Intel executives said they are familiar with research papers from Google and Facebook and are working with the two companies to develop new methods for detecting and correcting hardware errors.
Bryan Jorgensen, vice president of Intel’s Data Platforms Group, said the researchers’ claims were correct and that “the challenge they are issuing to the industry is the right place to go.”
He said Intel had recently started a project to help create standard, open-source software for data center operators. The software would allow them to find and correct hardware errors that the integrated circuits in the chips failed to detect.
The challenge was underscored last year when several Intel customers quietly issued warnings about undetected errors created by their systems. Lenovo, the world’s largest personal computer maker, informed its customers that design changes in several generations of Intel’s Xeon processors meant that the chips could generate a greater number of errors that could not be corrected than previous Intel microprocessors.

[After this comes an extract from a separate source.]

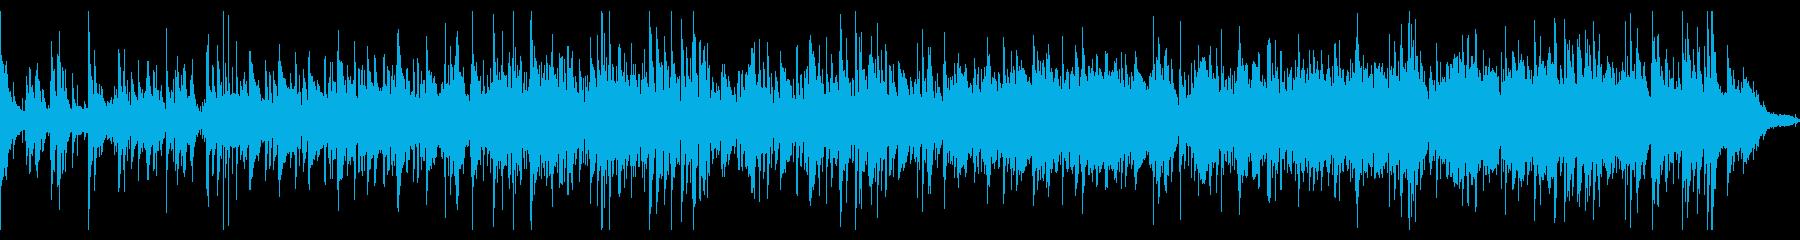 ジャズ・ピアノトリオでやや緊迫した疾走感の再生済みの波形

Intel hasn’t spoken publicly about the issue, but Mr. Jorgensen acknowledged the issue and said it has been fixed. The company has since changed its design.
Computer engineers are divided on how to meet the challenge. A popular response is the demand for new types of software that proactively monitor hardware errors and allow system operators to remove hardware when it begins to degrade. This has created an opportunity for new start-ups offering software that monitors the health of underlying chips in data centers.
One such operation is TidalScale, a Los Gatos, California-based company that makes specialized software for businesses trying to minimize hardware failures. Its managing director, Gary Smerdon, suggested that TidalScale and others faced a daunting challenge.
“It will be a bit like changing an engine while a plane is still flying,” he said.